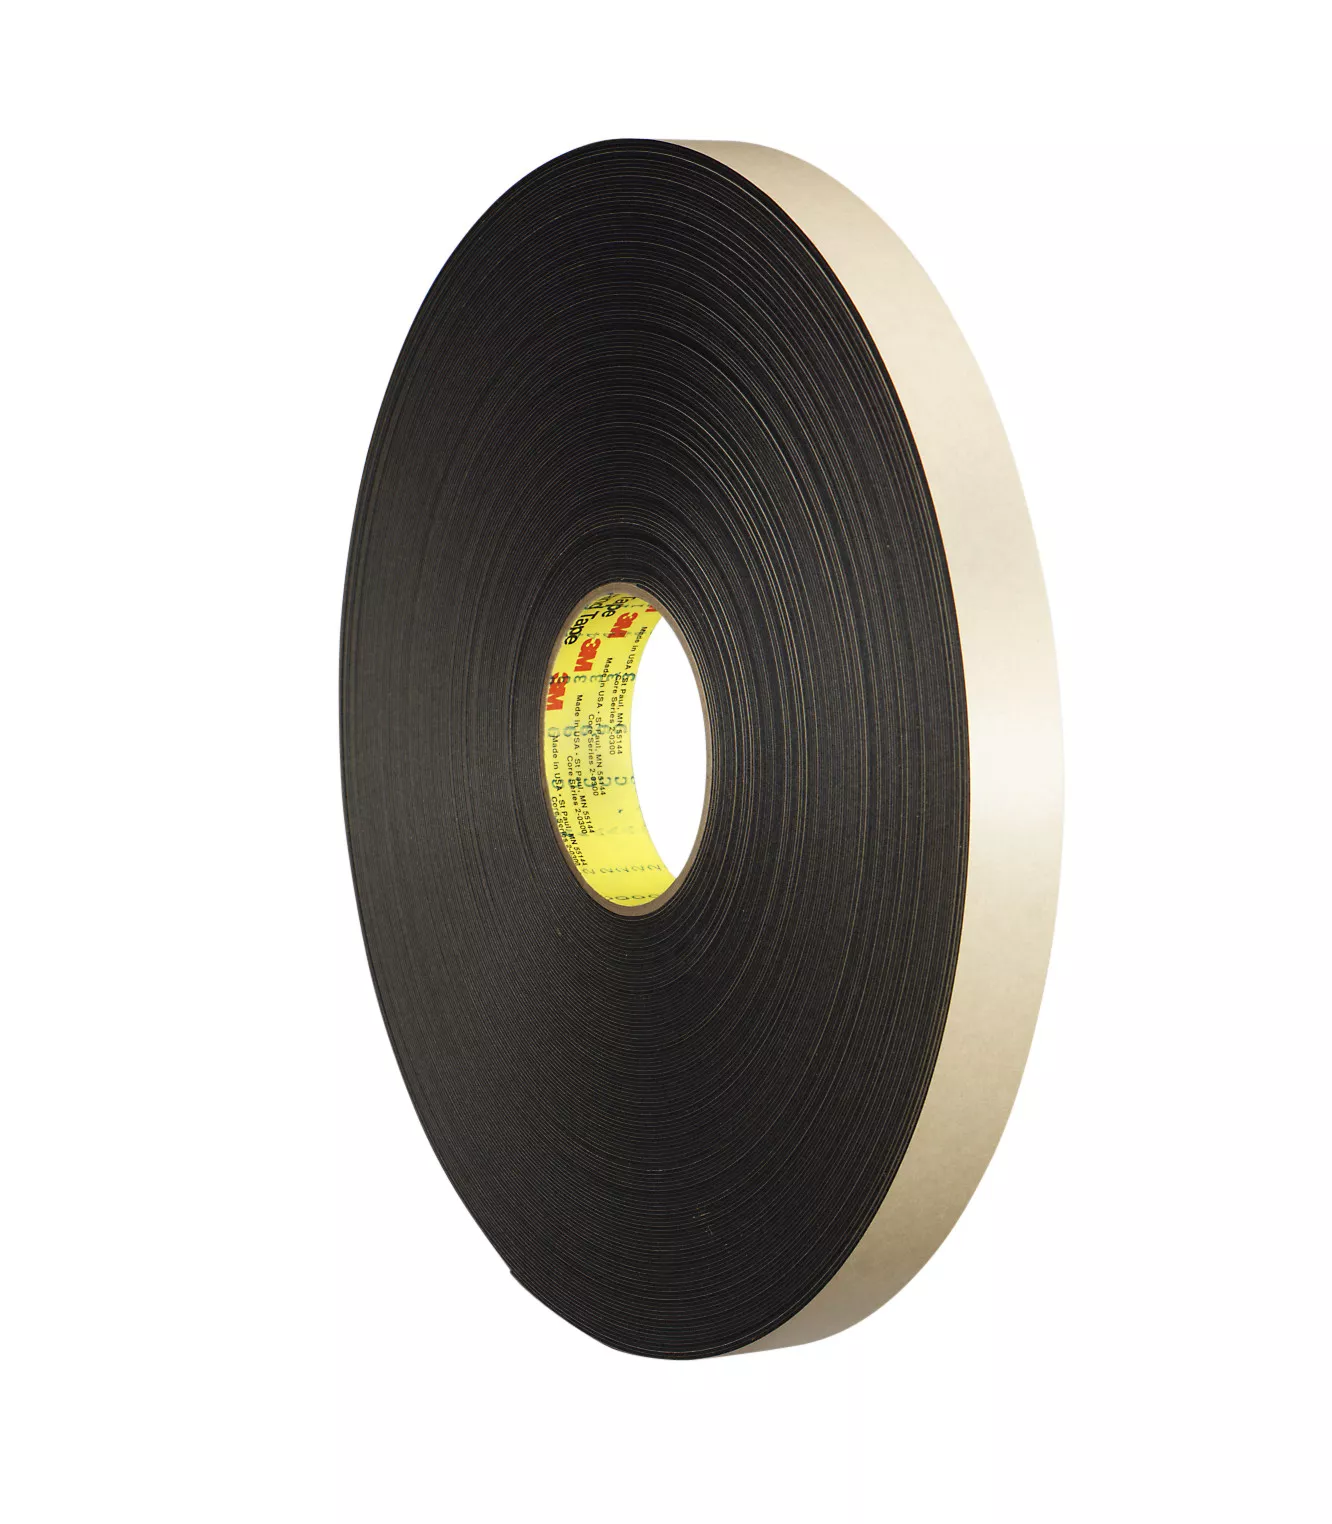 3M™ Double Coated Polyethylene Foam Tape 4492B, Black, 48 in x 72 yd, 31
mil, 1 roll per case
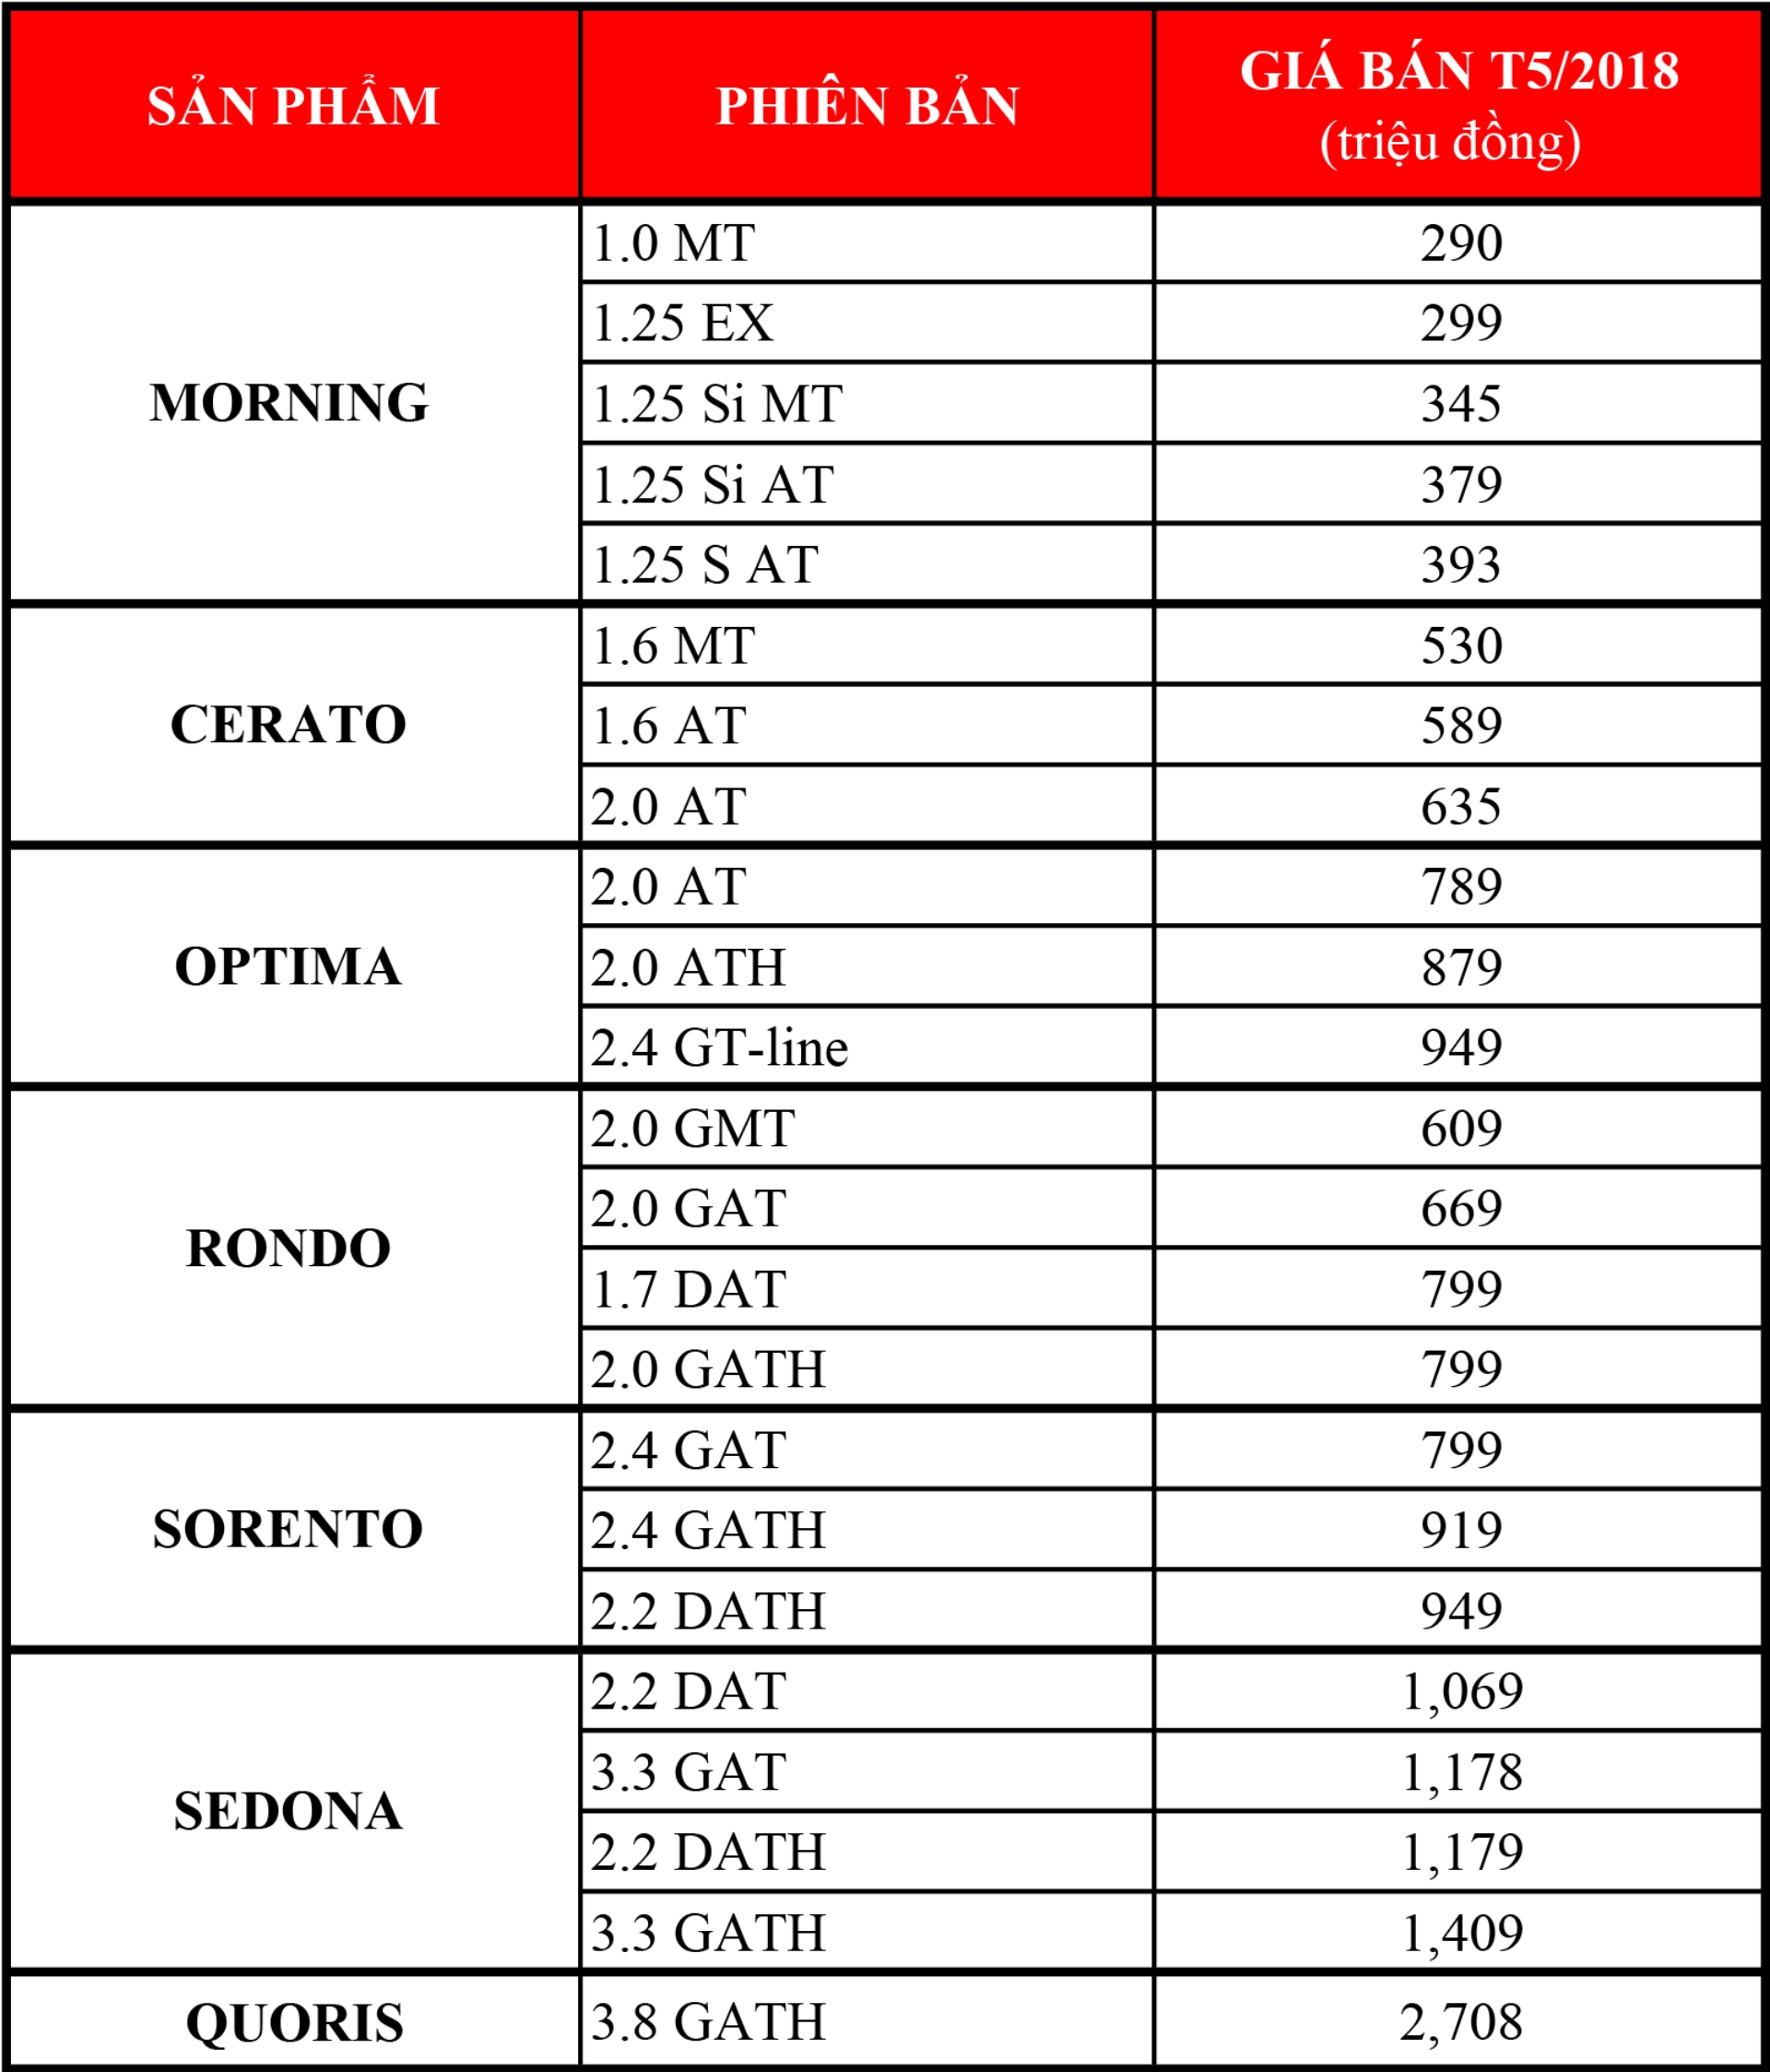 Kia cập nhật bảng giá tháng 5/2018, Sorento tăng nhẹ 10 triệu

▶ [ASSIGNED TASK]
Apart from the pictures, every line above must be printed exactly.

▶ [WRITTEN ANSWER]
 3M™ Double Coated Polyethylene Foam Tape 4492B, Black, 48 in x 72 yd, 31
mil, 1 roll per case
 Kia cập nhật bảng giá tháng 5/2018, Sorento tăng nhẹ 10 triệu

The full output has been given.